▶

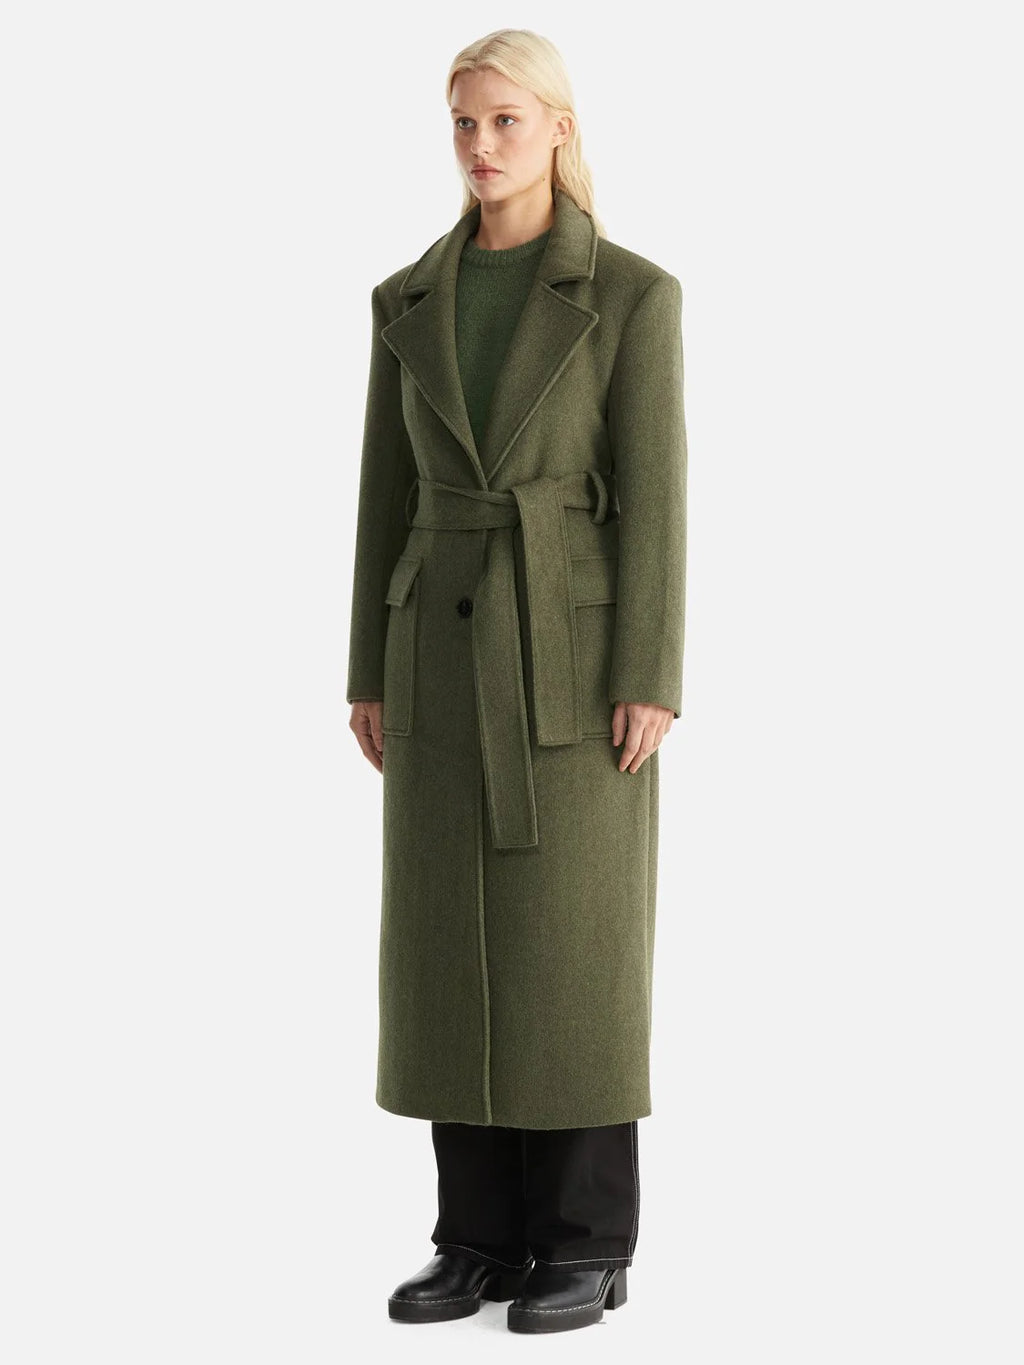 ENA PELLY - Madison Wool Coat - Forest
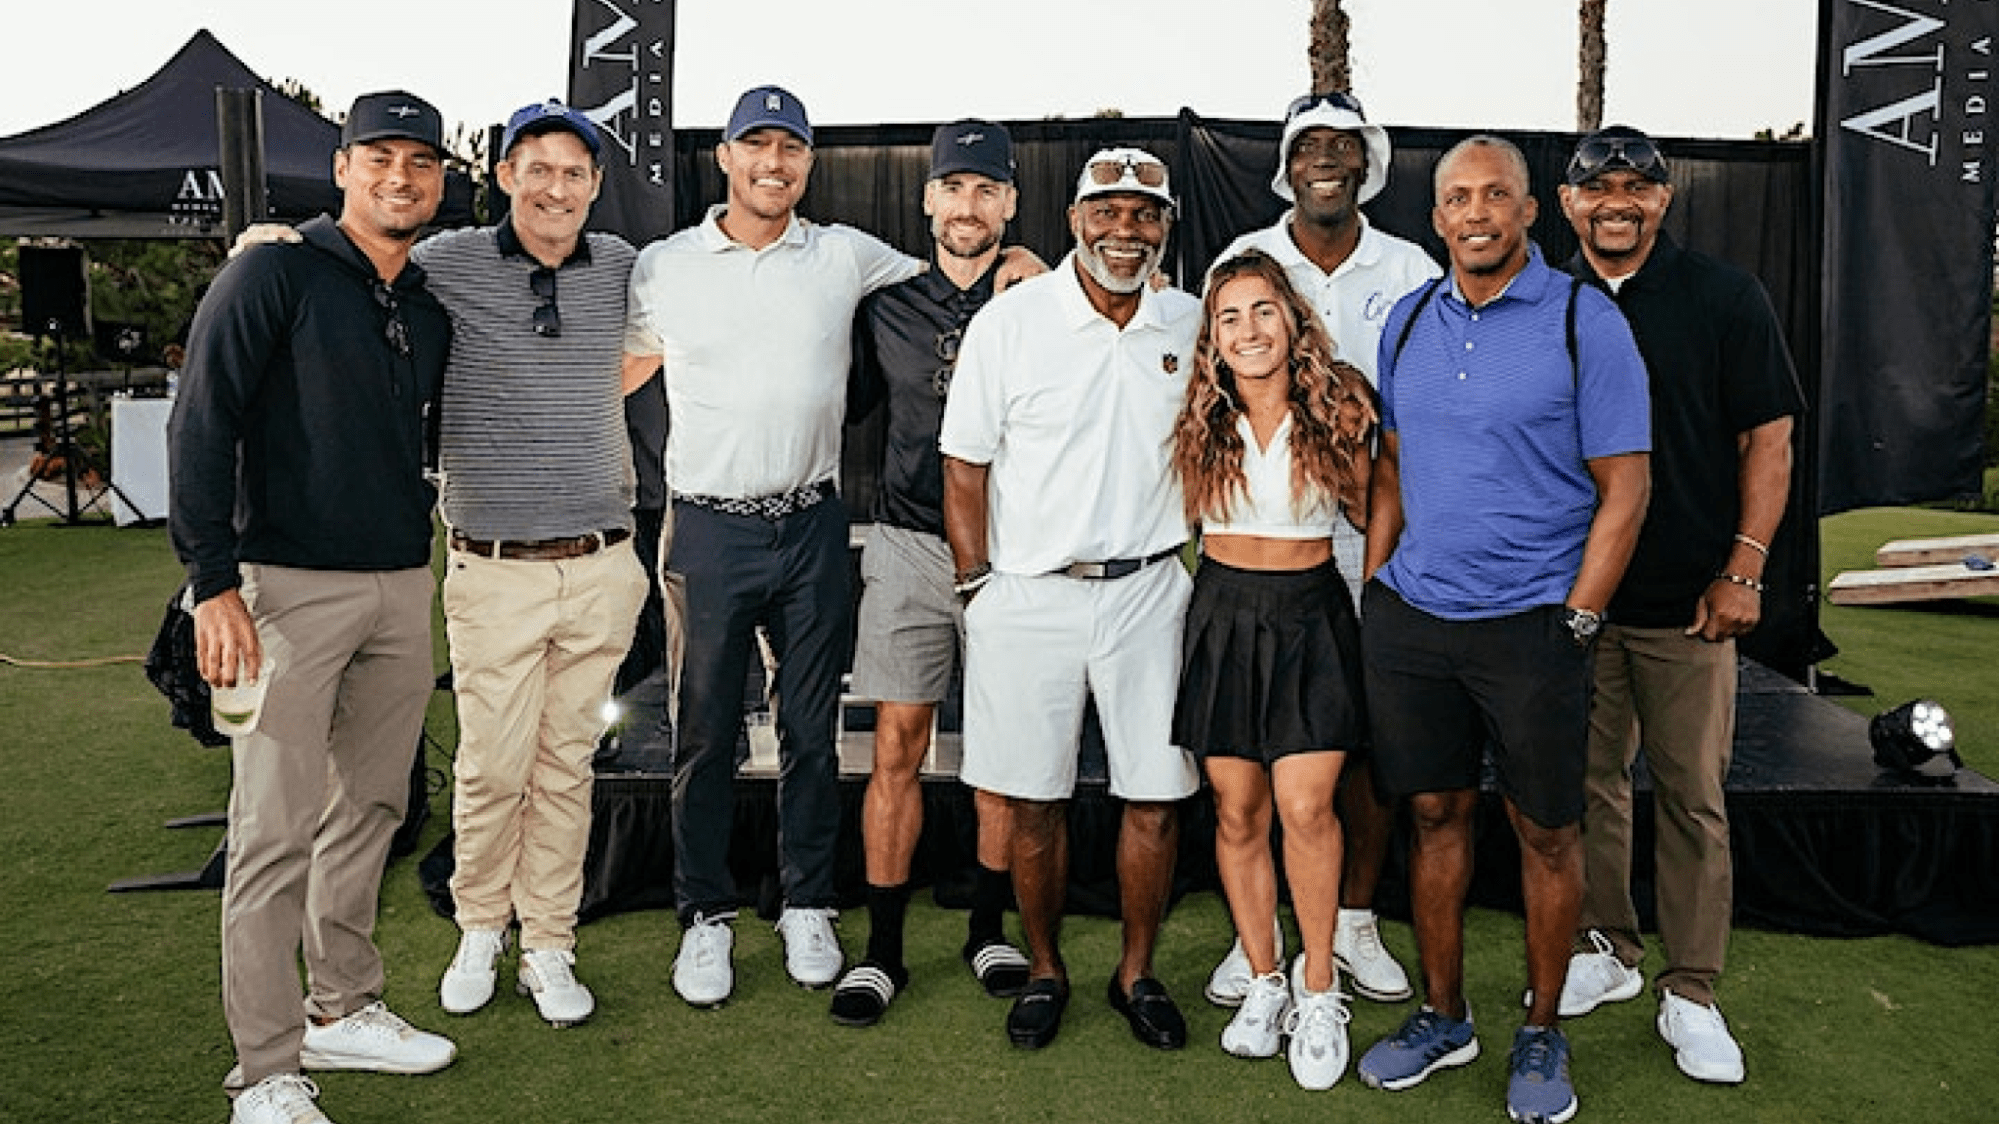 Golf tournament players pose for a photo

◀
▶

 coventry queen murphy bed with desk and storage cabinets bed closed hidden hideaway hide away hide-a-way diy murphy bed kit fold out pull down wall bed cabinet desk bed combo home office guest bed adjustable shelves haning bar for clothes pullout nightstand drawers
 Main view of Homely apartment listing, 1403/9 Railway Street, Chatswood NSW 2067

◀

» Task objective
Restate word for word only the lines above from the line containing "coventry queen murphy" to the line containing "Main view of", both of them included.

» Completed task
 coventry queen murphy bed with desk and storage cabinets bed closed hidden hideaway hide away hide-a-way diy murphy bed kit fold out pull down wall bed cabinet desk bed combo home office guest bed adjustable shelves haning bar for clothes pullout nightstand drawers
 Main view of Homely apartment listing, 1403/9 Railway Street, Chatswood NSW 2067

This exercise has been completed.